Rather, it was used because of its low ON resistance (less than 1 ohm), making it a nearly perfect
switch.
The MOSFET's drain is connected to the PTT output, and its source is grounded. When turned on,
the MOSFET appears to be a very low resistance between the output and ground. When turned
off, the MOSFET appears to be a very high impedance, isolating the output from ground. Because
of these characteristics, the PTT circuit can control transmitters with a variety of PTT inputs, from
TTL-logic-compatible to large DC relay coils.

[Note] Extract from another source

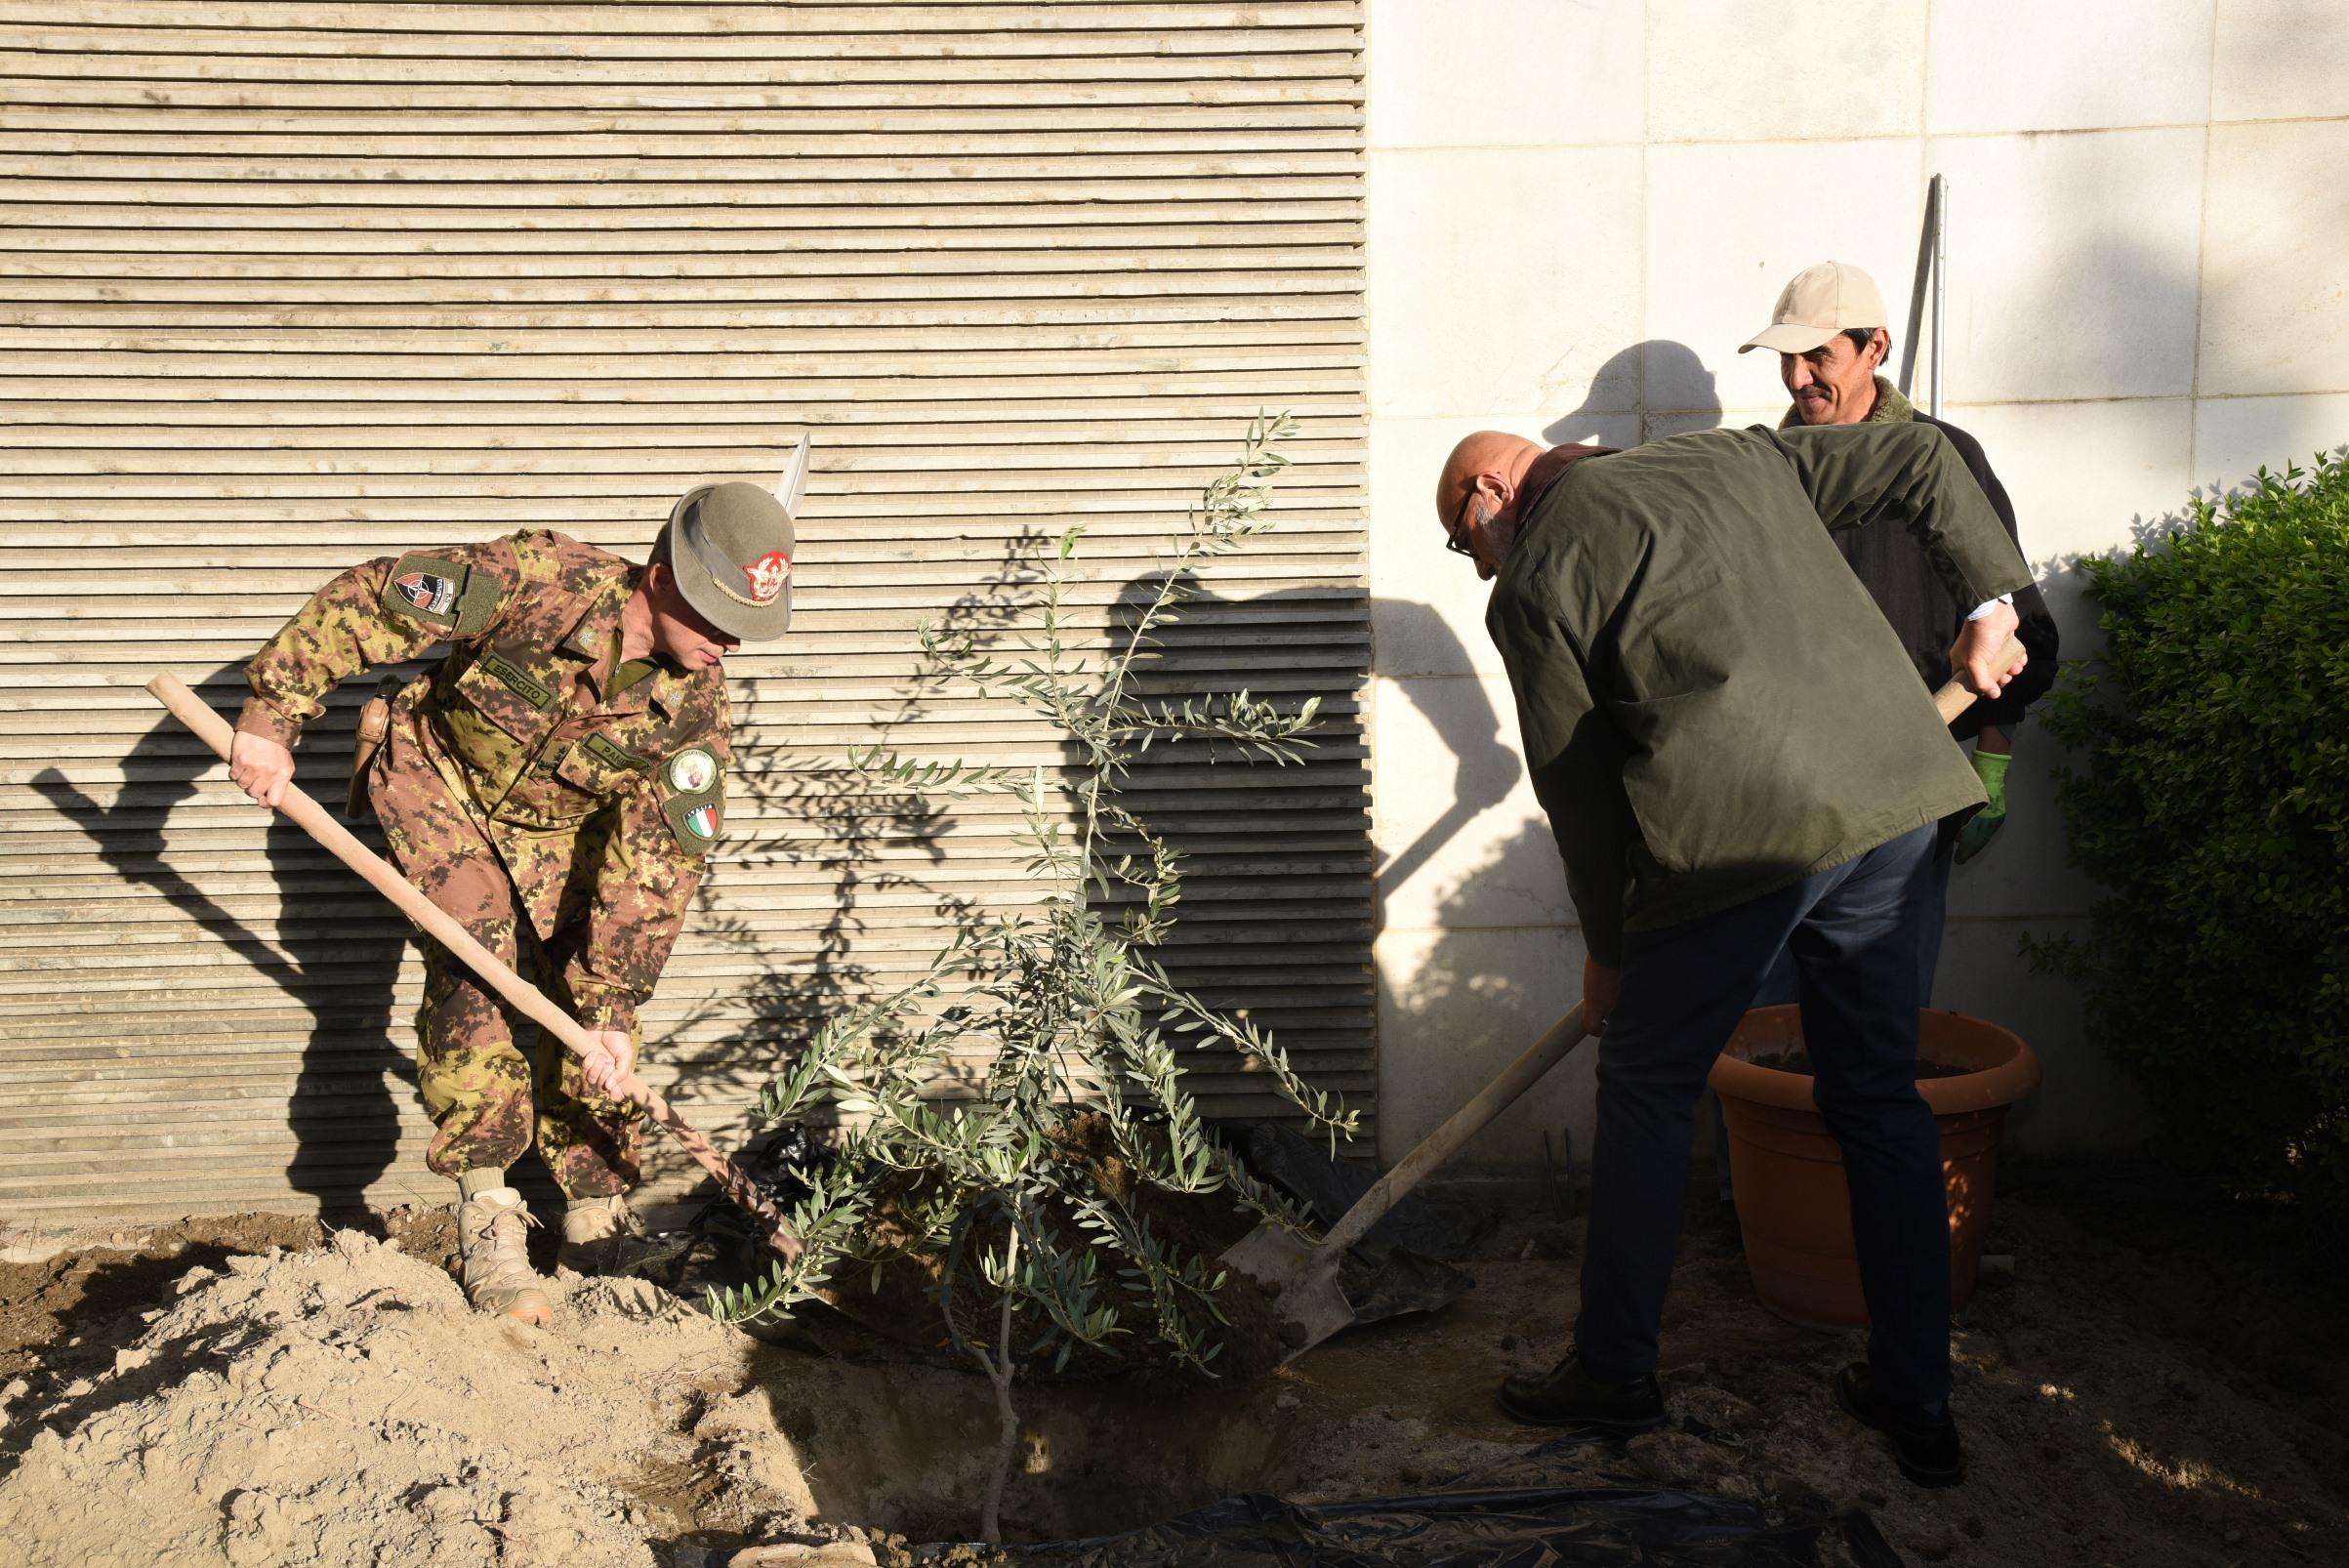 2. Afghanistan, l'Ambasciatore Roberto Cantone (a destra) e il Generale di Divisione Massimo Panizzi (a sinistra) trapiantano l'Ulivo della pace

Some transmitters, including models made by Hamtronics, MELCO (Maggiore Electronic
Laboratory), and RCA (500- and 700-series), use a powered PTT input arrangement, and cannot
be keyed by an open-drain driver. These transmitters require a positive voltage to be sourced into
their PTT inputs to key; removing the voltage unkeys the transmitter. The current requirement can
be substantial.
A simple outboard circuit can be placed between the controller's PTT output and the transmitter's
PTT input to satisfy these requirements. Connect a large PNP transistor so that its emitter goes to
the transmitter's +12 V supply, its collector goes to the transmitter's PTT input, and its base goes to
the controller's PTT output through a 2k resistor (important). Connect a 4.7k resistor across the
PNP transistor's base and emitter. If the transmitter draws little current through its PTT (500 mA or
less), you can use a 2N2904. If the transmitter draws 1 A or less, use a TIP30. When using this
outboard circuit, place dipswitch #5 (part of S2) in the ON (closed) position. Skip the next
paragraphs detailing dipswitch #5.
If you are building the outboard circuit described previously, you will need to place the PTT
dipswitch in the ON position.
If you are driving your transmitter PTT directly from the controller, you must determine the "sense"

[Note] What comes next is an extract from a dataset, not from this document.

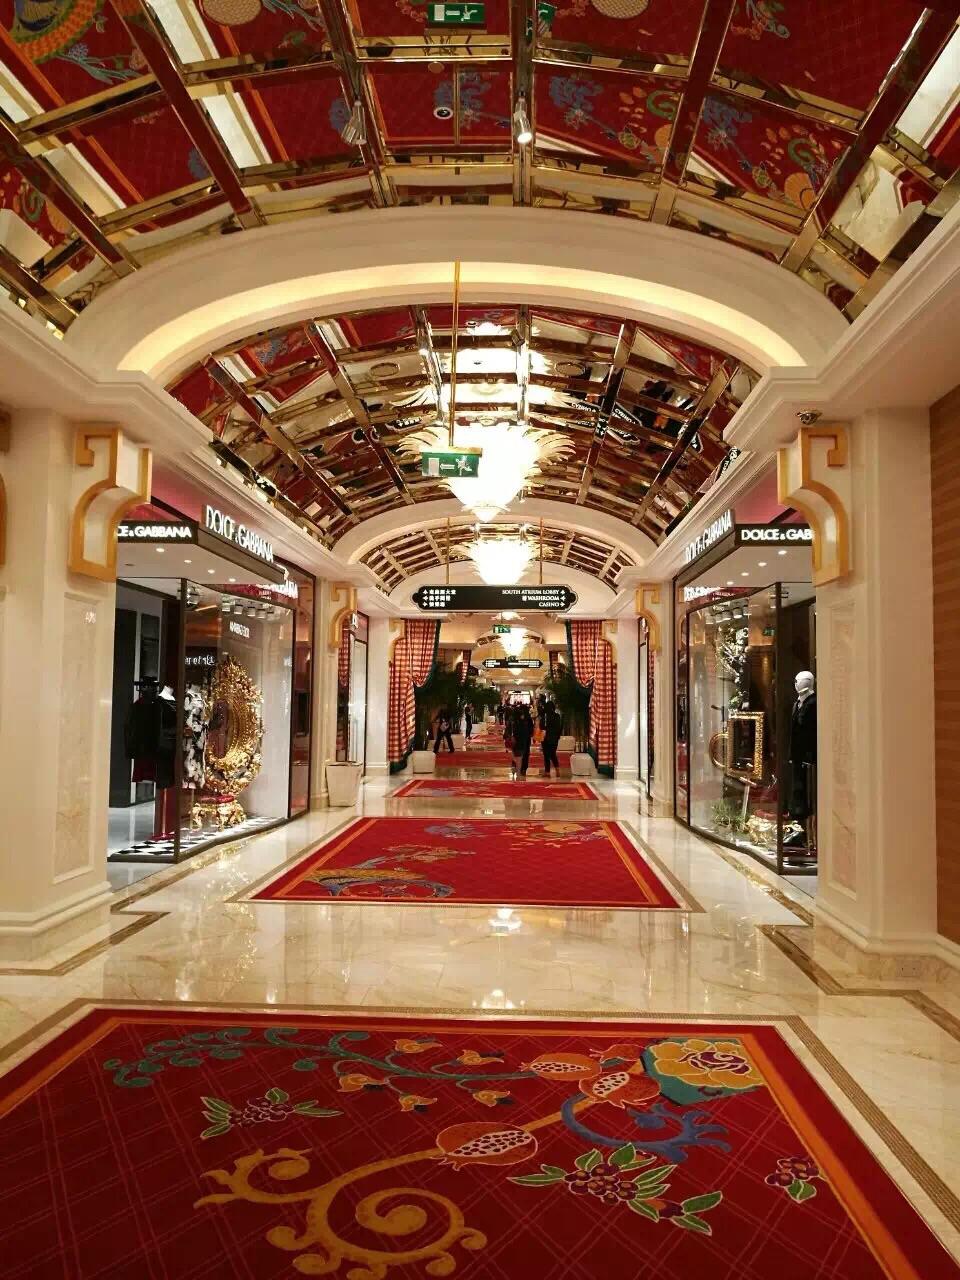 澳门永利皇宫酒店(wynn palace)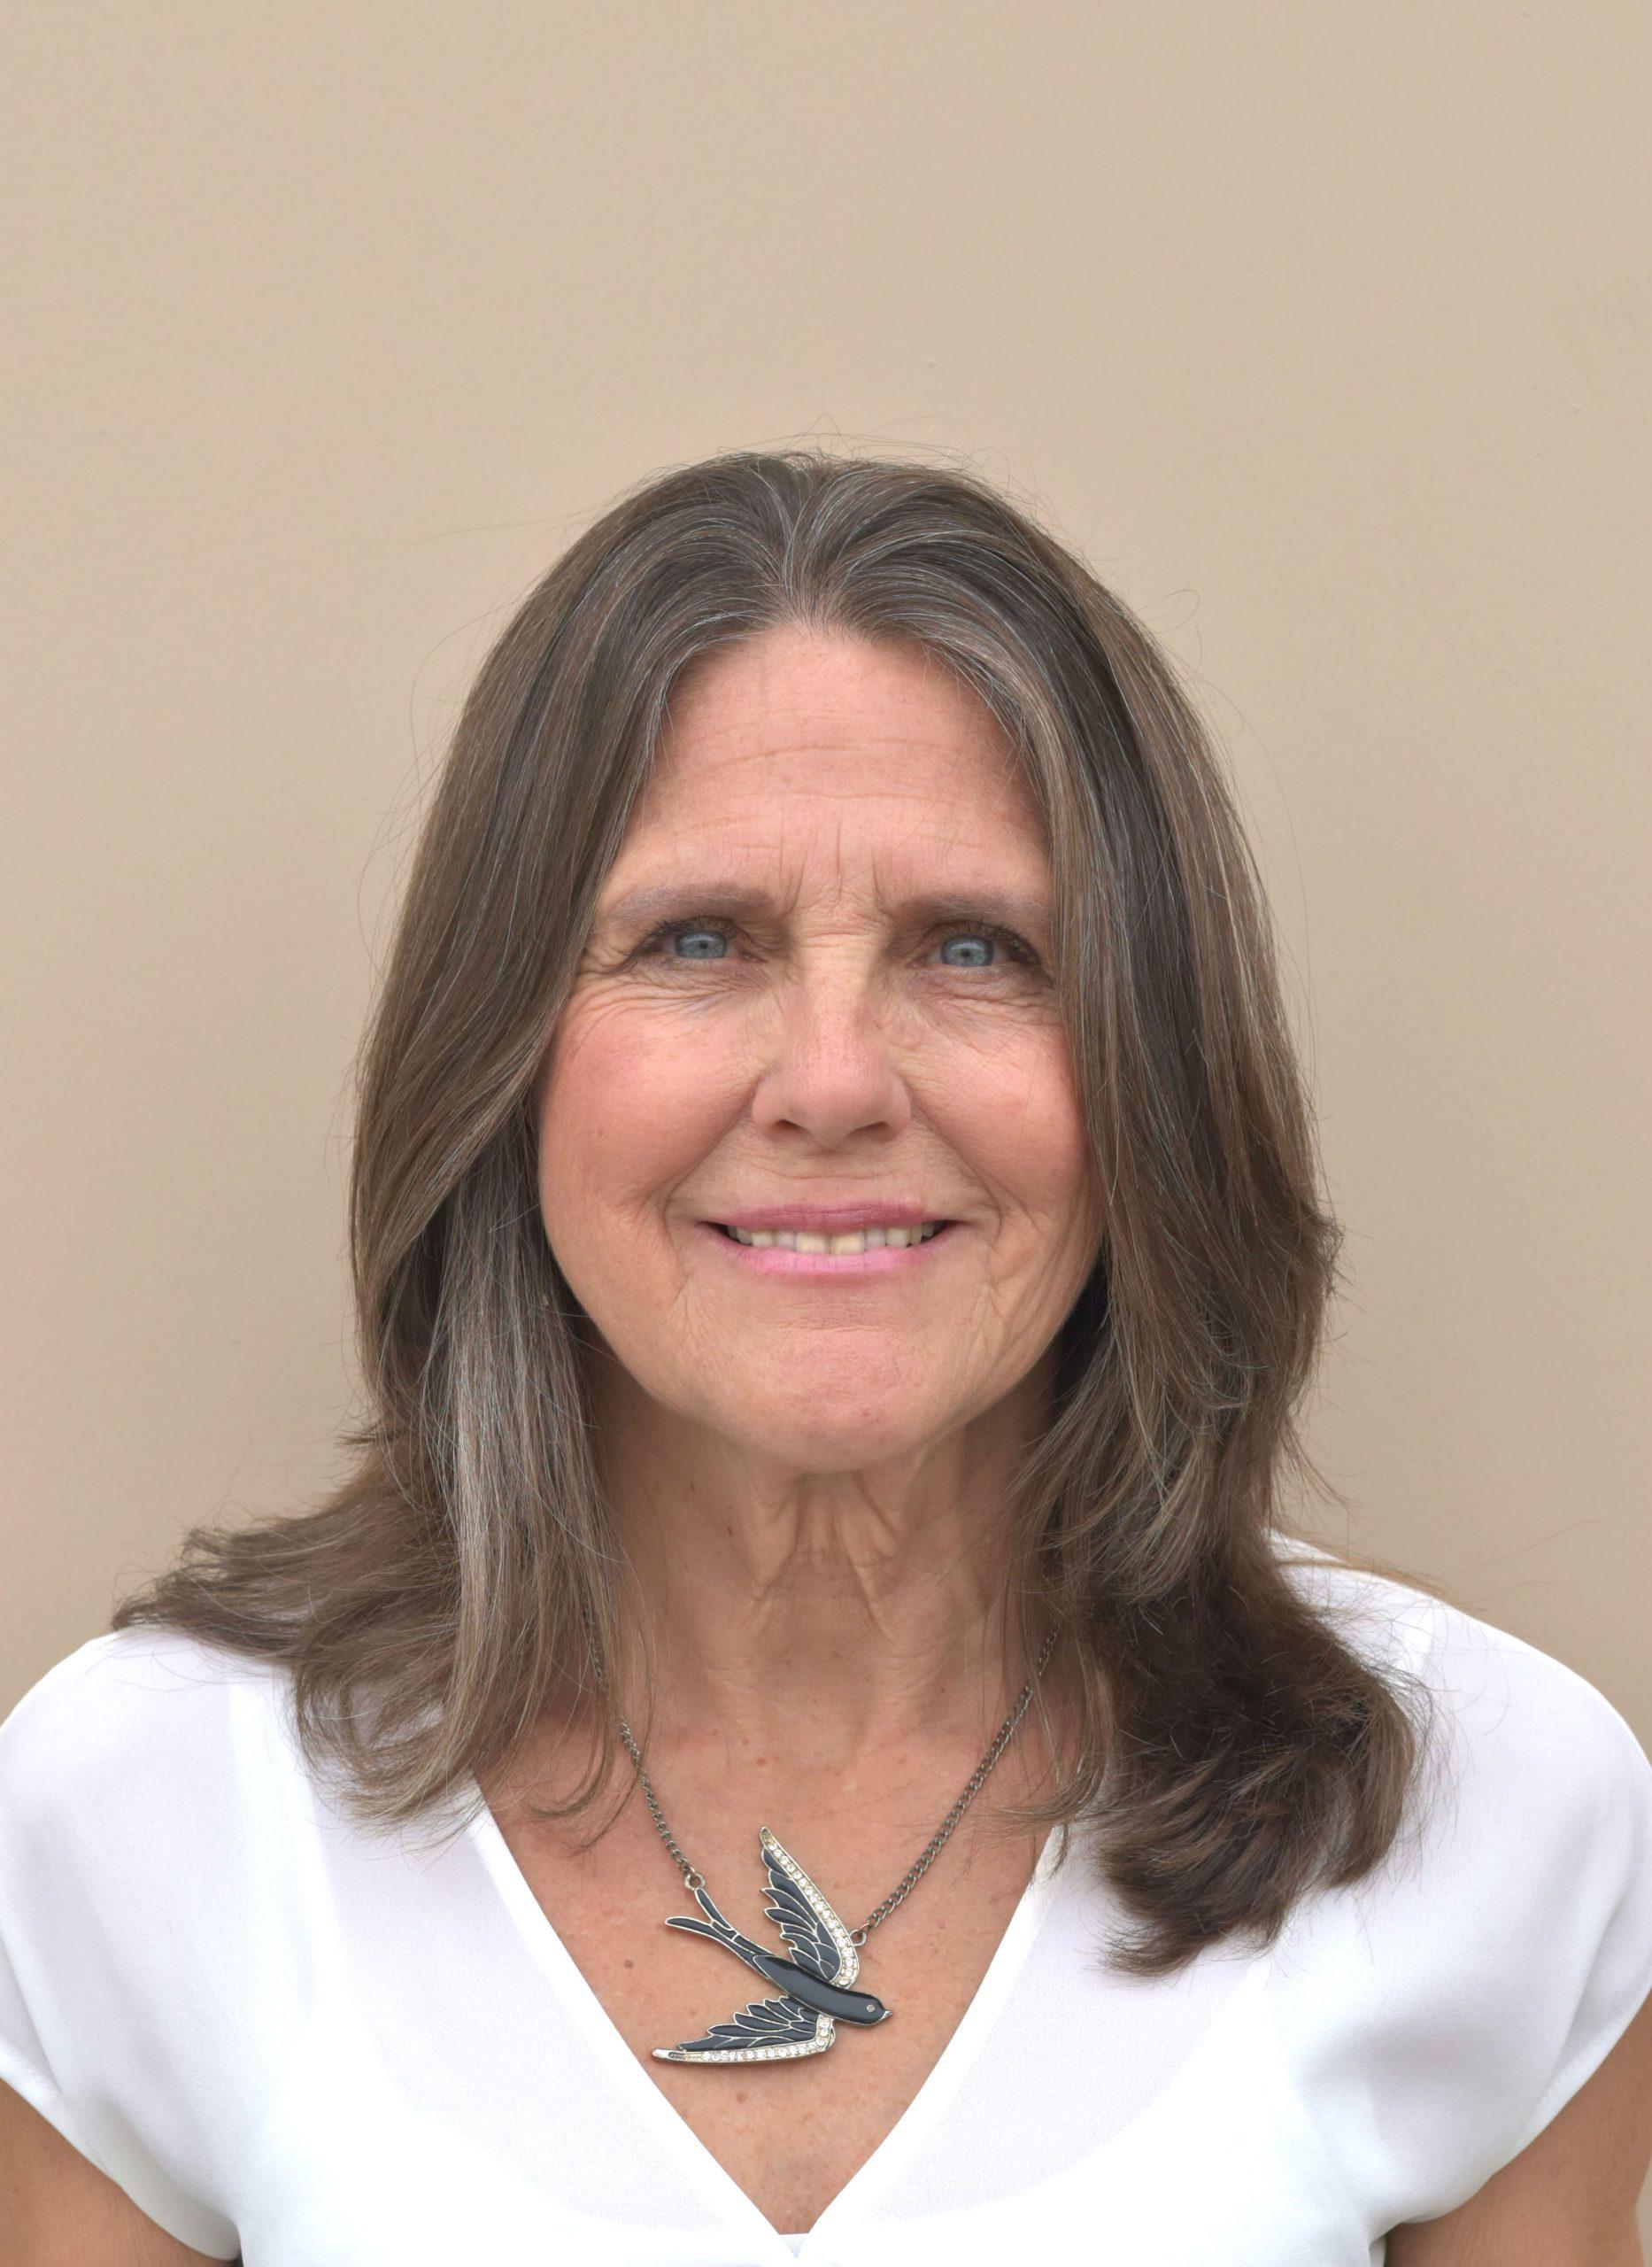 Patti Kinnick

of your transmitter's PTT input circuit. Does the transmitter key when the PTT input is driven "low,"
or does it key when the PTT input is driven "high?" (The majority of transmitters key when the PTT
input is driven low).
If your transmitter keys when the PTT input is low, and unkeys when the PTT input is high (open
circuit), then place dipswitch #5 (labeled "PTT", it's part of S2) in the ON (closed) position.

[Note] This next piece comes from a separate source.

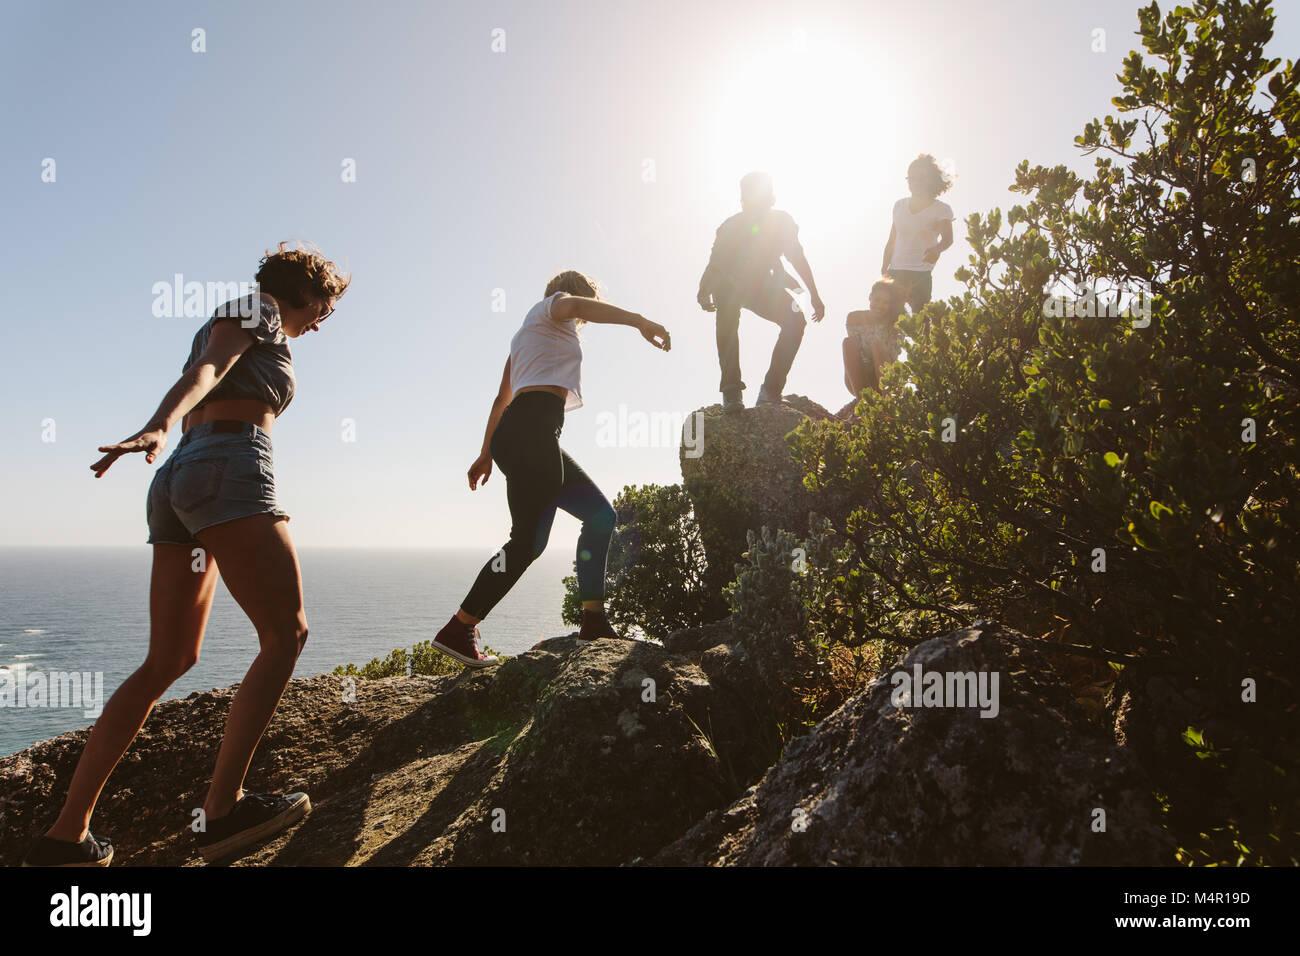 Eine Gruppe von Freunden auf einem Berg. Junge Menschen auf der Wanderung an einem Sommertag. Männer und Frauen Stockbild

If, however, yourtransmitter keys when the PTT input is high (open circuit), and unkeys when the
PTT input is low, then place dipswitch #5 in the OFF (open) position.
6K V1.02 03-16-91 14
4. RECEIVER #1 (REPEATER RECEIVER) AUDIO
The controller requires audio from your repeater receiver, which should be connected to pin 13 of
J2.
To get a better idea of how to interface your particular receiver's audio output to the controller, let's
examine the controller's Receiver #1 audio input circuit.
This circuit consists of op amp U22D connected as an AC-coupled inverting amplifier with two
feedback resistors and one feedback capacitor. A 50k pot, R75, serves as a level-adjust pot for the
audio going into the op amp. The input impedance of this circuit depends upon the pot setting, but
will be 14k ohms or greater.
The best place to get receiver audio is the output of the receiver's first audio preamp stage (usually
the stage that follows the discriminator). This point is sometimes available at the "high" end of the
volume control pot. The preamp stage usually provides flat (de-emphasized) audio, and the low
impedance driving circuit (op amp or emitter-follower amplifier) can generate high-level audio while
driving the capacitance of shielded cable. Don't tap into the wiper of the volume control pot, since
accidental adjustment of the volume control will affect the repeat level. Tapping into the speaker
driver as an audio source is discouraged, for the same reason. Also, speaker audio contains more
distortion than audio from earlier stages.
The controller works best when driven with flat (de-emphasized) audio at a level of 700 mV rms (2
V p-p). If you provide this level, the controller's RX1 pot (R75) will be in the midrange position and
optimum audio will be fed to the internal circuits. You can adjust the RX1 pot to accommodate
other audio input levels. The controller's input acceptance range, as shipped from the factory, is
200 mV rms (0.5 V p-p) to 2 V rms (5.6 V p-p).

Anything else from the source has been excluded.